Award-nominated movies vs. highest grossing

Dorothy Gambrell of very small array continues with her fascination of movie quality and money gross. This time around she looks looks at the overlap between Academy Award nominees and highest grossing films from 1928 to present. While the two categories are not mutually exclusive, the overlap isn’t incredible common. [very small array]

9 Comments

  • What does Y represent?

    • Vertical length represents number of movies

      • number of movies? then the orange bars should have the same height, shouldn’t they?

      • I agree with Tonial. If the bars are the # of movies, then why aren’t the orange bars all the same size?

      • Because the section in the middle is “both” meaning the height of “both” + the height of “highest grossing” should be the same. You don’t see equal height on the top though, because the graph is centered vertically on “both.”

  • This is a good looking chart/plot! Keep in mind one of these categories is ‘overlap’ so one less ‘overlap’ means two more units (one each in HG and AA). Stacked bars initially made me think constant height for some reason, had to work this out in my tiny brain…

  • Very pretty, but it is not at all clear to me what the bars represent.

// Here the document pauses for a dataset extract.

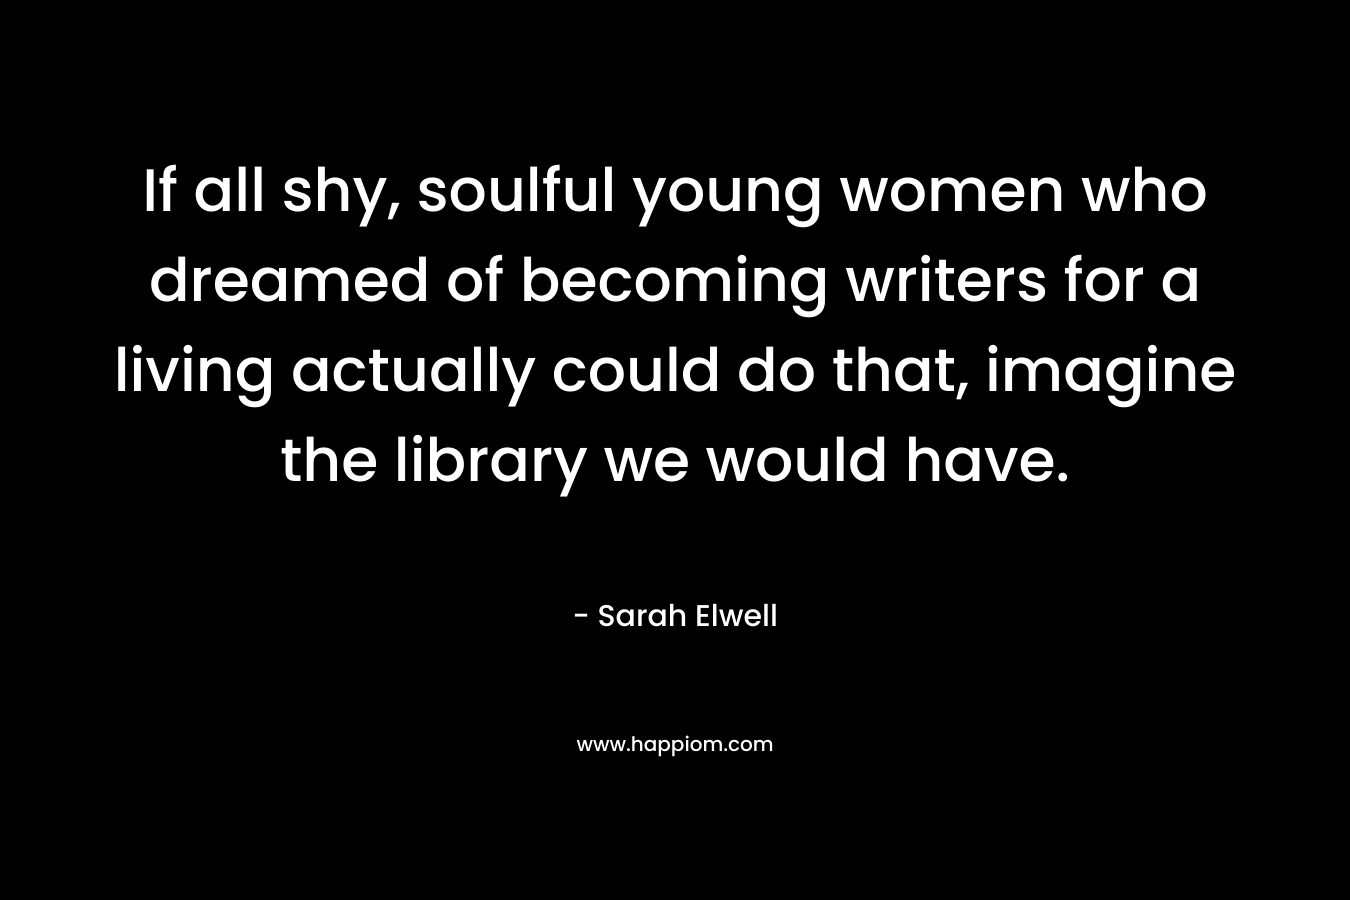 If all shy, soulful young women who dreamed of becoming writers for a living actually could do that, imagine the library we would have.

  • No units. No labels. No tick marks for me to know how many were overlapping. No base line. The number of Academy nominations varied from year to year and this is both difficult to discern and skews the implications. The year demarcation centered on the bars implies that the grouping of films is from summer to summer and not the calendar year.
    Make horizontal marks on the bars so you can count the number of films. Move the line for the year to the left of the bars. Keep the bars for highest grossing films in line with each other left to right. Use brighter colors.

  • Nate, I have to say I’m not very impressed with this one, as there is actually very little information transmitted for the amount of ink. We are counting movies, but “Highest Grossing” always has 10 and the “Best Picture” has either 5 or 10. Thus the only real data is in “Both.” So why not drop the other two categories?